2. The preprint of a recent overview paper by Schmidhuber includes pseudocode (a simplified generic version) for the ten lines of code mentioned in the talk (see also slides):

FAST Algorithm
for i := 1, 2, . . . do
Run each program p with l(p) ≤ i for at most 2i−l(p) steps and reset storage modified by p
end for

[here l(p) denotes the length of program p, a bitstring]

Schmidhuber explains: “This is essentially a variant of Leonid Levin’s universal search (1973), but without the search aspect. The code systematically lists and runs all possible programs in interleaving fashion. It can be shown that it computes each particular universe as quickly as this universe’s (typically unknown) fastest program, save for a constant factor that does not depend on the universe size.

From this asymptotically optimal method, we can derive an a priori probability distribution on possible universes called the Speed Prior. It reflects the fastest way of describing objects, not necessarily the shortest. (BTW, note that any general search in program space for the solution to a sufficiently complex problem will create many inhabited universes as byproducts.)”

3. Assume you are running computations for all universes in parallel, says Schmidhuber. Some contain you at a given time. So among those universes computed so far that contain you, which are the most likely ones, that is, what’s your most likely future?
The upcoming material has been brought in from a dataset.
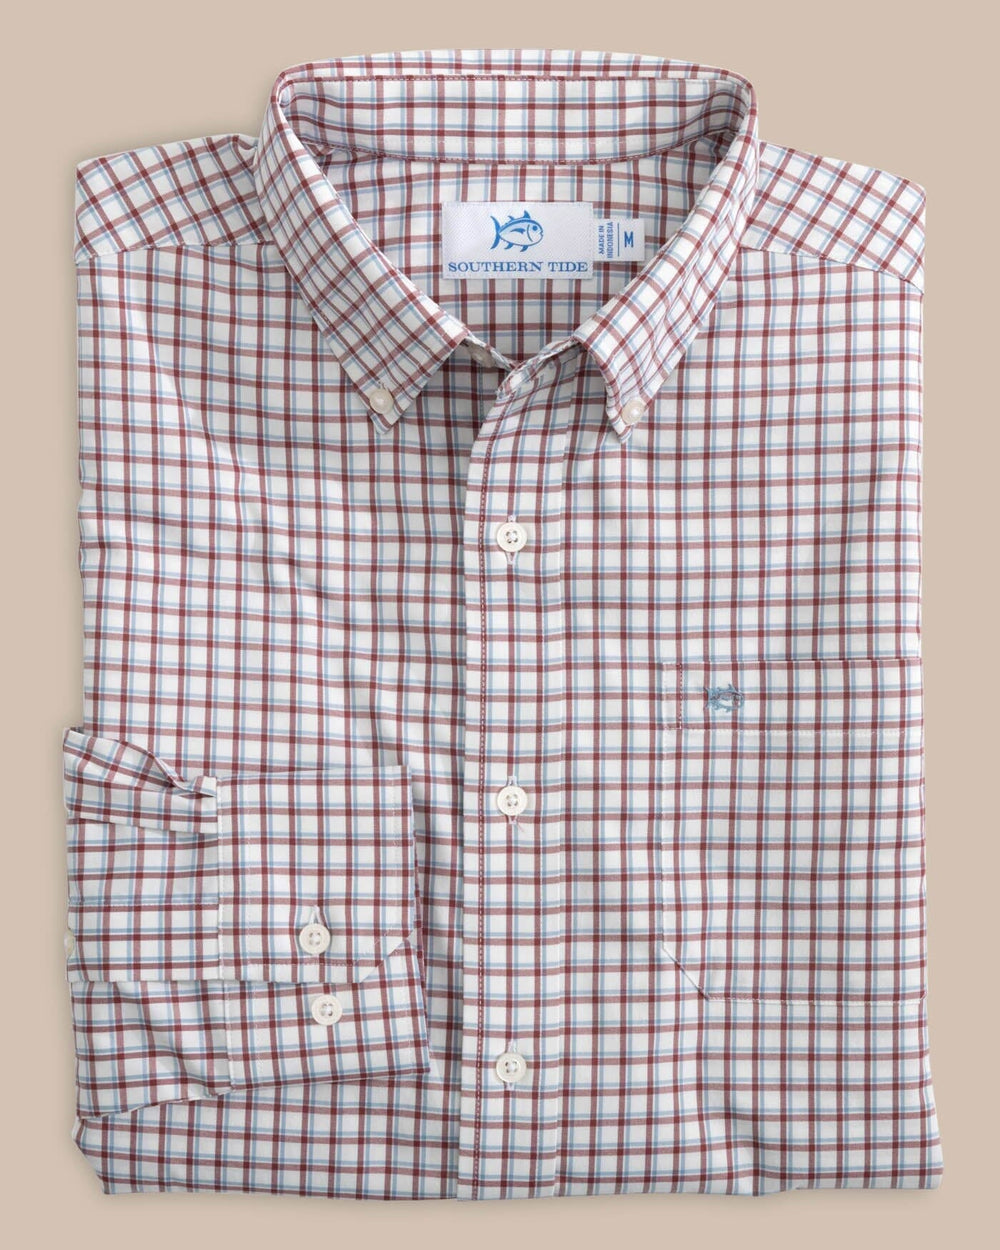 The folded view of the Southern Tide Bellevue Plaid Sport Shirt by Southern Tide - Tuscany Red

In a Bayesian framework, “Speed Prior” permits non-trivial answers to questions of this type.

4. “Because most likely the universe to which you owe your current existence has a high a priori probability,” explains Schmidhuber. “Other possible variants of your life are less likely because they are harder to compute, even by the optimal method.”

The insights mentioned in this talk were first published between 1996 and 2000, and further popularized in the new millennium. Detailed mathematical papers as well as popular high-level summaries can be downloaded from Schmidhuber’s overview site on all computable universes.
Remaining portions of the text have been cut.